Good Company

Last week was Grove City’s Christian Writers Conference on George Herbert. My dad came and spoke and there was a poetry liturgy and I gave a paper and there was a banquet and my brother George sequestered himself and his laptop in a thousand different corners. It was a wonderful time and I am grateful to have had it. There were lots of careful words on truth and beauty, and one cannot have that much goodness poured into ones head without it getting stuck there.

But I don’t know if I’m going to get anything worthwhile out onto the page tonight. We have our windows open, because the air is warm and soft at last. I just got back from the last “Conversation on the Virtues” I’ll be going to with my Classical Ed class. This semester with them has been a tiring, tense, funny, and sweet adventure. I think the world of them, as evidenced by the gratuitous number of hours Megan and I spent making them sugar cookies last week. I’m looking forward to a long summer and a fall semester with a fiction writing independent study, but I will miss these people.

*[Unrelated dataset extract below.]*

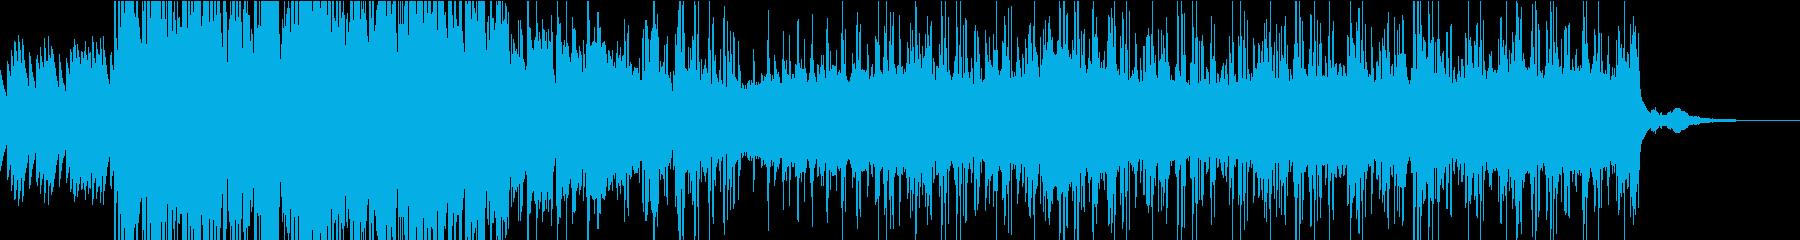 少しテンポの速い打ち込み曲の再生済みの波形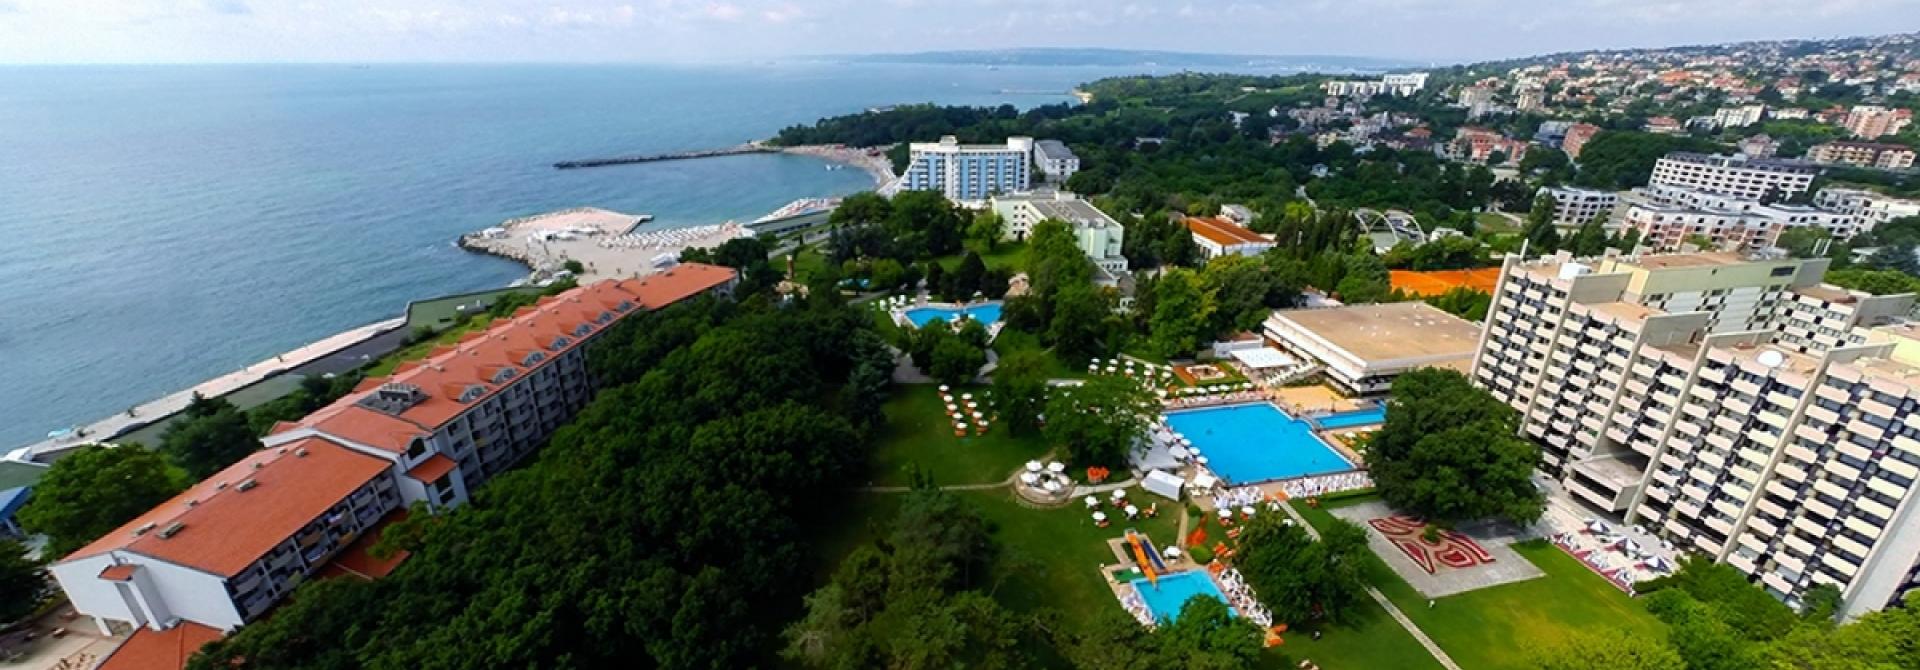 Гранд Хотел Варна Свети Константин и Елена

I have plenty of friends who are very dear to me, but I am usually best one-on-one. Yet, these kids (or nearly-men-and-women, if you will) are my favorite when we are together, when we are not myself and himself and herself and yourself, but ourselves, sighing and insinuating and reading and asking and contradicting. Actually, at the risk of sounding like I’ve learned precisely what I was supposed to, I’d say we’re learning the awe of neighborliness. I do not know which of us began Samaritans, and which began Jews (or perhaps I do, but I’ll never tell), but I know I have been humbled by unexpected friendships. As Lewis says in The Four Loves, “Who could have deserved it?” Not I.

But this marvelous spread of good company is what has been offered me, so as my friend George Herbert and more importantly, my God, would require, I will not delay, but “sit and eat.”